# Runge-Kutta method for a system, using MATLAB

• Dec 10th 2011, 12:32 AM
alexmahone
Runge-Kutta method for a system, using MATLAB
An initial value problem and its exact solution are given. Use the Runge-Kutta method with step sizes $\displaystyle h=0.1$ and $\displaystyle h=0.05$ to approximate the values $\displaystyle x(1)$ and $\displaystyle y(1)$. Compare the approximations with the actual values.

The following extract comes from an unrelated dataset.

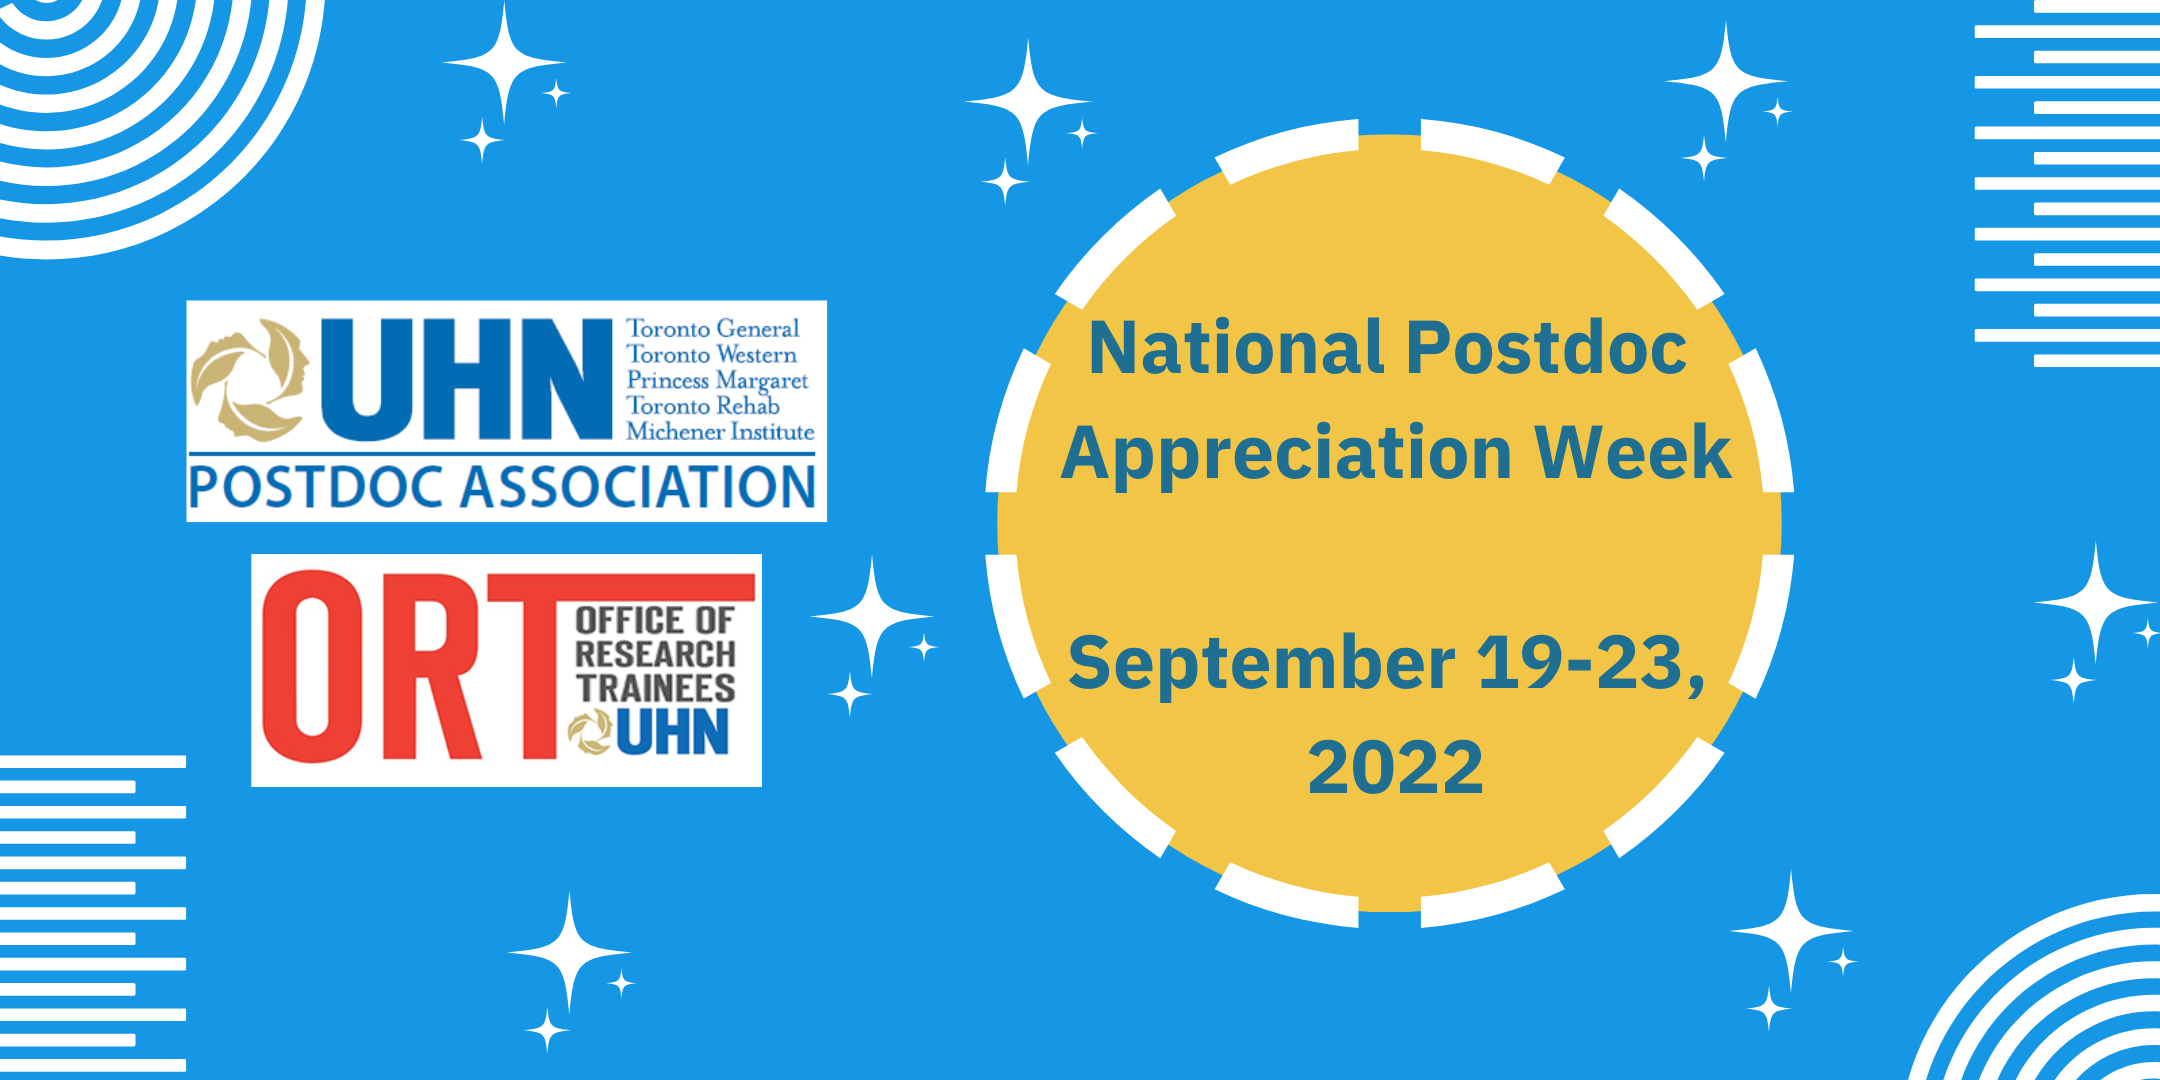 Light blue poster with white shapes. On the left is the UHN postdoc association logo and the ORT logo. On the right is a yellow circle that reads National Postdoc Appreciation Week. September 19-23, 2022

$\displaystyle x'=-x-y-(1+t^3)e^{-t}$, $\displaystyle x(0)=0$,

$\displaystyle y'=-x-y-(t-3t^2)e^{-t}$, $\displaystyle y(0)=1$;

$\displaystyle x(t)=e^{-t}(\sin t-t)$, $\displaystyle y(t)=e^{-t}(\cos t+t^3)$

Code:

A=[-1 -1;-1 -1]; f=inline('-exp(-t)*[1+t^3;t-3*t^2]'); t=0; t1=1; x=[0;1]; h=0.1; n=(t1-t)/h; for i=1:n     k1=A*x+f(t);     k2=A*(x+h*k1/2)+f(t+1/2*h);     k3=A*(x+h*k2/2)+f(t+1/2*h);     k4=A*(x+h*k3)+f(t+h);     k=(k1+2*k2+2*k3+k4)/6;     t=t+h;     x=x+h*k; end h x t=0; x=[0;1]; h=0.05; n=(t1-t)/h; for i=1:n     k1=A*x+f(t);     k2=A*(x+h*k1/2)+f(t+1/2*h);     k3=A*(x+h*k2/2)+f(t+1/2*h);     k4=A*(x+h*k3)+f(t+h);     k=(k1+2*k2+2*k3+k4)/6;     t=t+h;     x=x+h*k; end h x disp('Actual values:') x=[exp(-1)*(sin(1)-1);exp(-1)*(cos(1)+1)]
The output is:

Code:

h =     0.1000 x =   -0.9904     0.9732 h =     0.0500 x =   -0.9904     0.9732 Actual values: x =   -0.0583     0.5666
My Runge-Kutta approximations don't tally with the actual values. Where have I gone wrong?
• Dec 10th 2011, 01:13 AM
alexmahone
Re: Runge-Kutta method for a system, using MATLAB
There's probably a mistake in the question: the 1st DE should be $\displaystyle x'=-x+y-(1+t^3)e^{-t}$. After making that change, I get the correct answer.